Иной раз я плакала даже от описаний, например, “прическа а-ля либидо рвется наружу” или “антенна радиоприемника”. После шуточных слов о Земле, вызывающей кого-то из космоса, я представила, что кто-то в самом деле сейчас в космосе и пытается связаться, но безуспешно. Ведь больше ничего не существует.
Я ничего не увидела. Не думаю, что если бы не было апокалипсиса, я бы стала заядлым путешественником, но когда ты погребен под толщу земли, то теряешь всякую возможность стать другим человеком, стать кем-то еще.
Недавно я прошла инициацию. Теперь я — настоящий обитатель Третьей станции.
Все это, конечно, образно.
Неделю или две назад один из Серых попытался уломать на секс свою подружку. Ну, так говорят. Мою версию с изнасилованием никто и слушать не стал. Разумеется. Я слышала, что она сопротивлялась и повторяла: «Нет, не надо, не хочу», пока он не закрыл ей рот тряпкой для полировки деревянных изделий, и ее слова не превратились в мычание и хрипы.
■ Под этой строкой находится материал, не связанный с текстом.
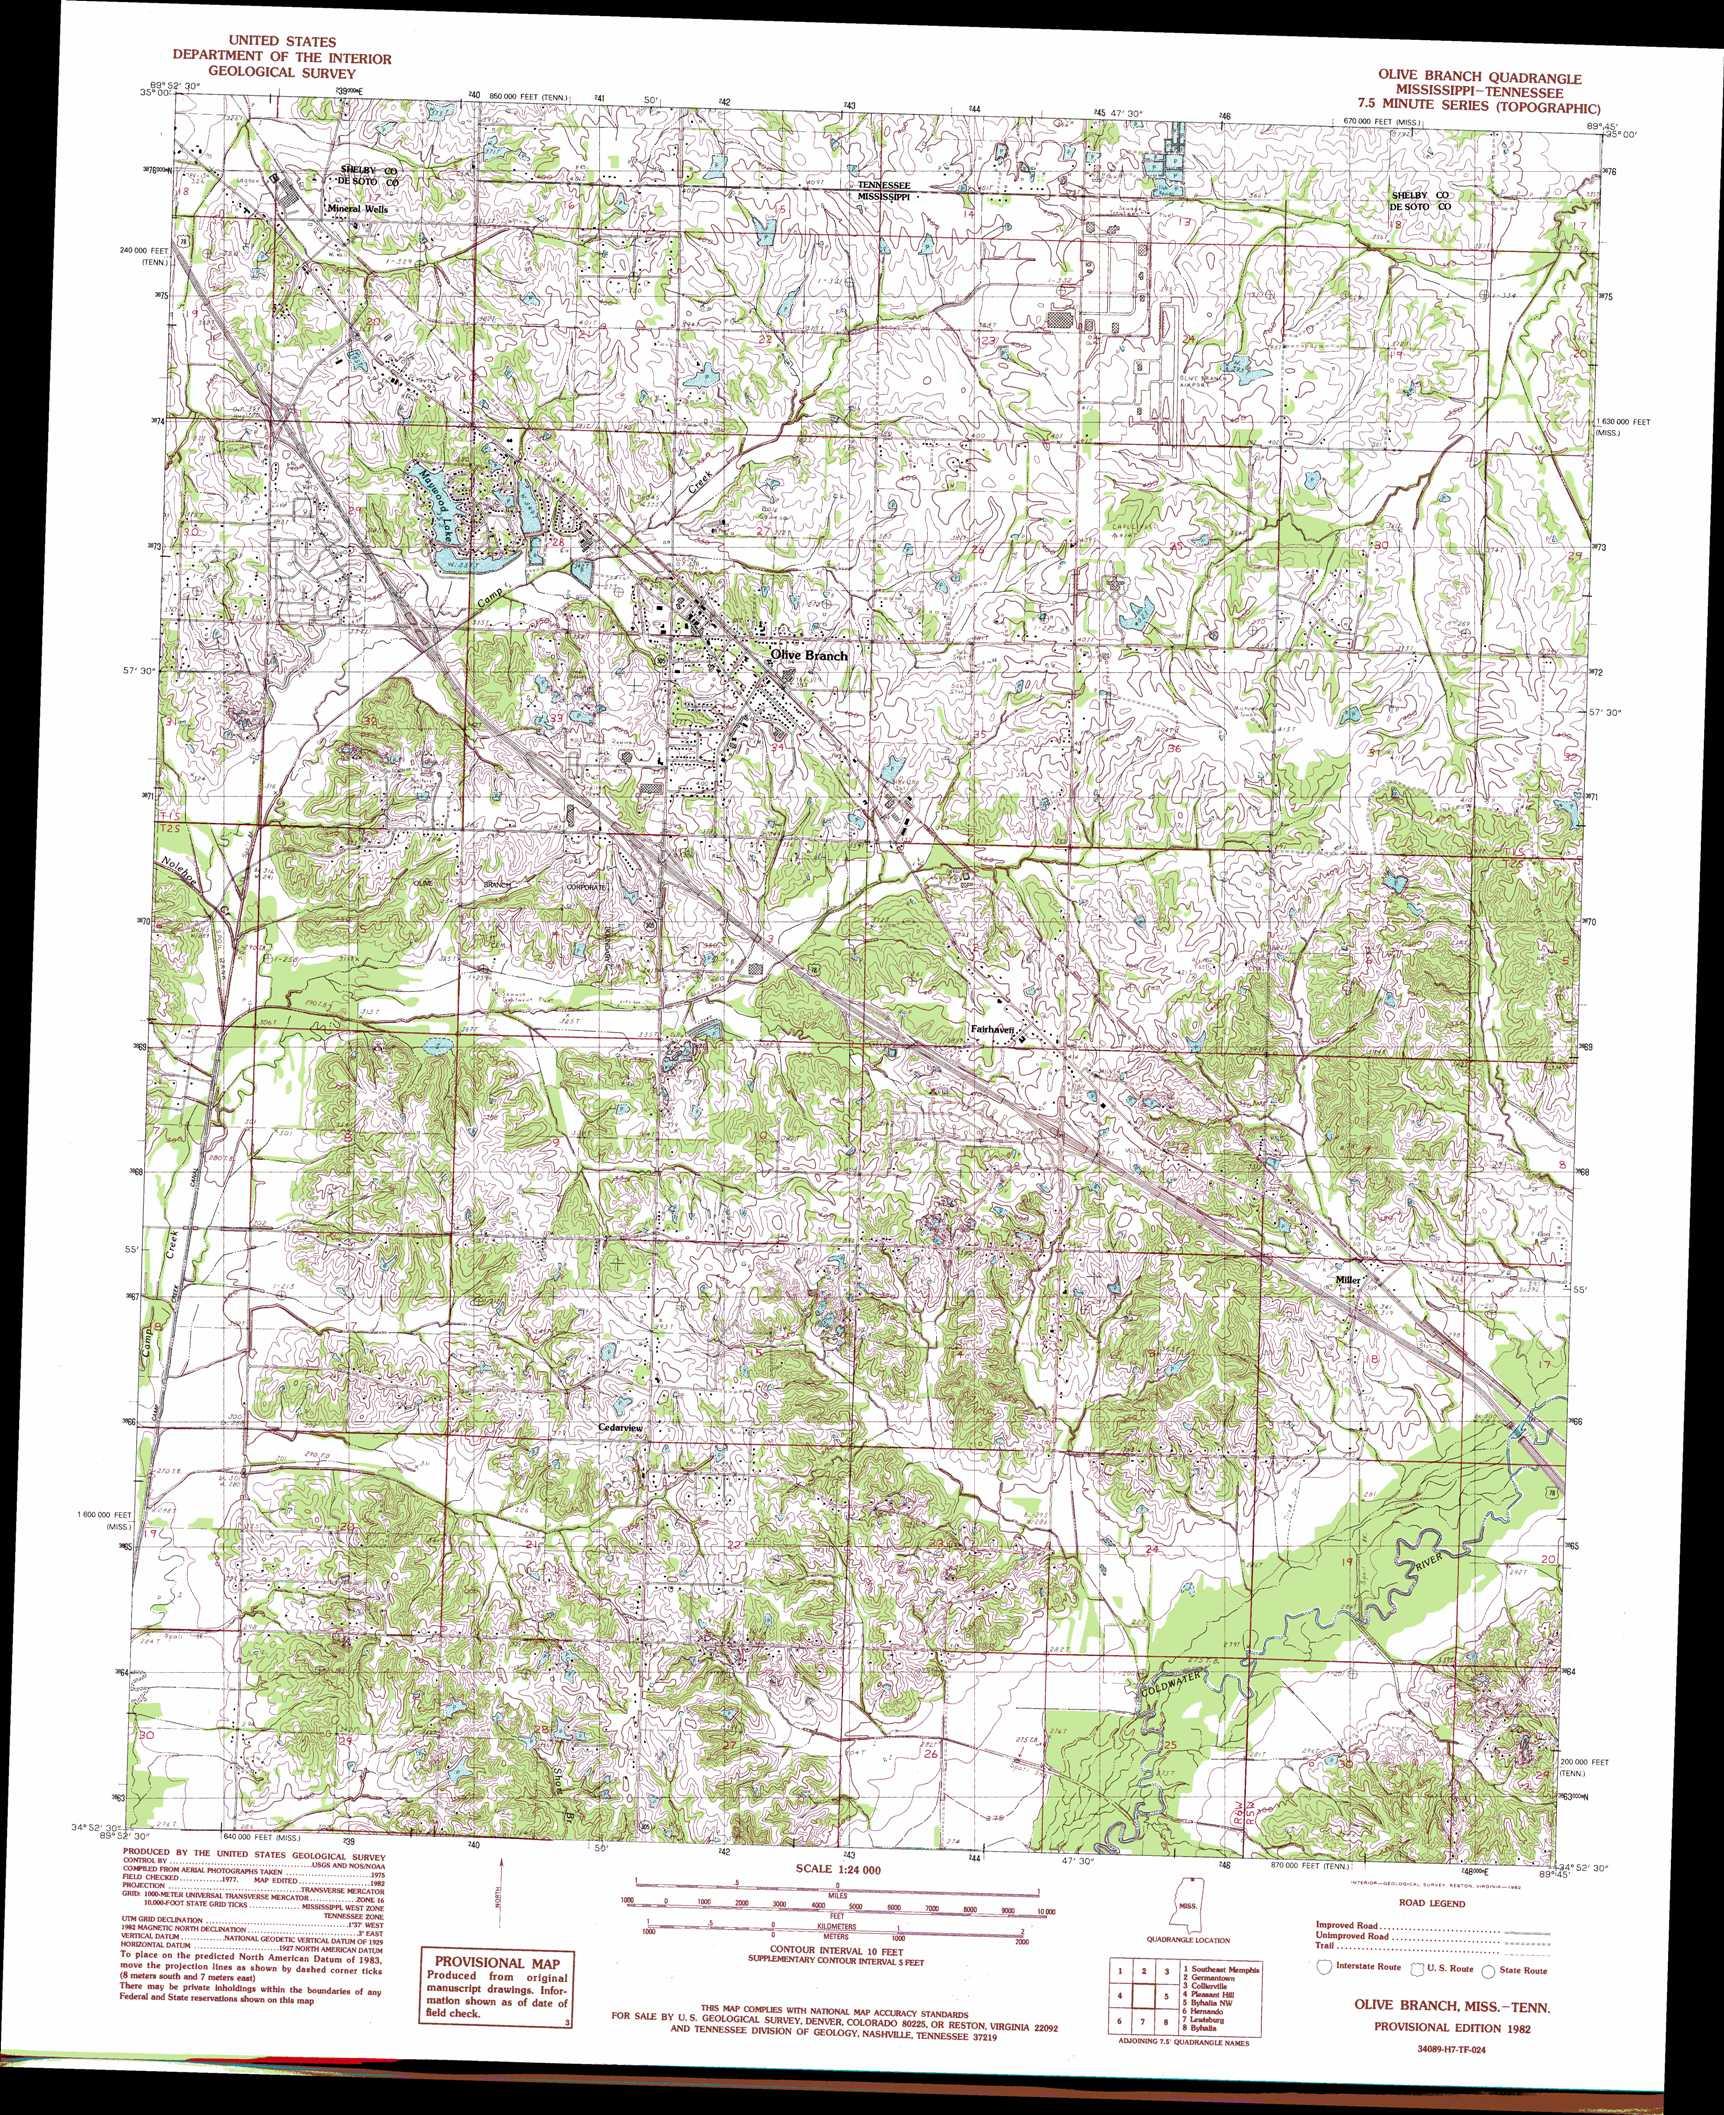 Olive Branch topographic map MS TN USGS Topo Quad 34089h7

Я могла спасти ее дважды. Первый раз — воткнуть вилку ему в шею, а во второй — выбежать, когда за ними пришли, чтобы отвезти на казнь по выдуманным правилам. Я испугалась, что меня казнят тоже. Парадокс, но последние месяцы мое поведение было достойно золотой звездочки. У меня была книга воспоминаний, личный дневничок, называйте как хотите, а потому смерть до того момента, пока я не поставлю точку в конце последнего предложения, не вписывалась в планы.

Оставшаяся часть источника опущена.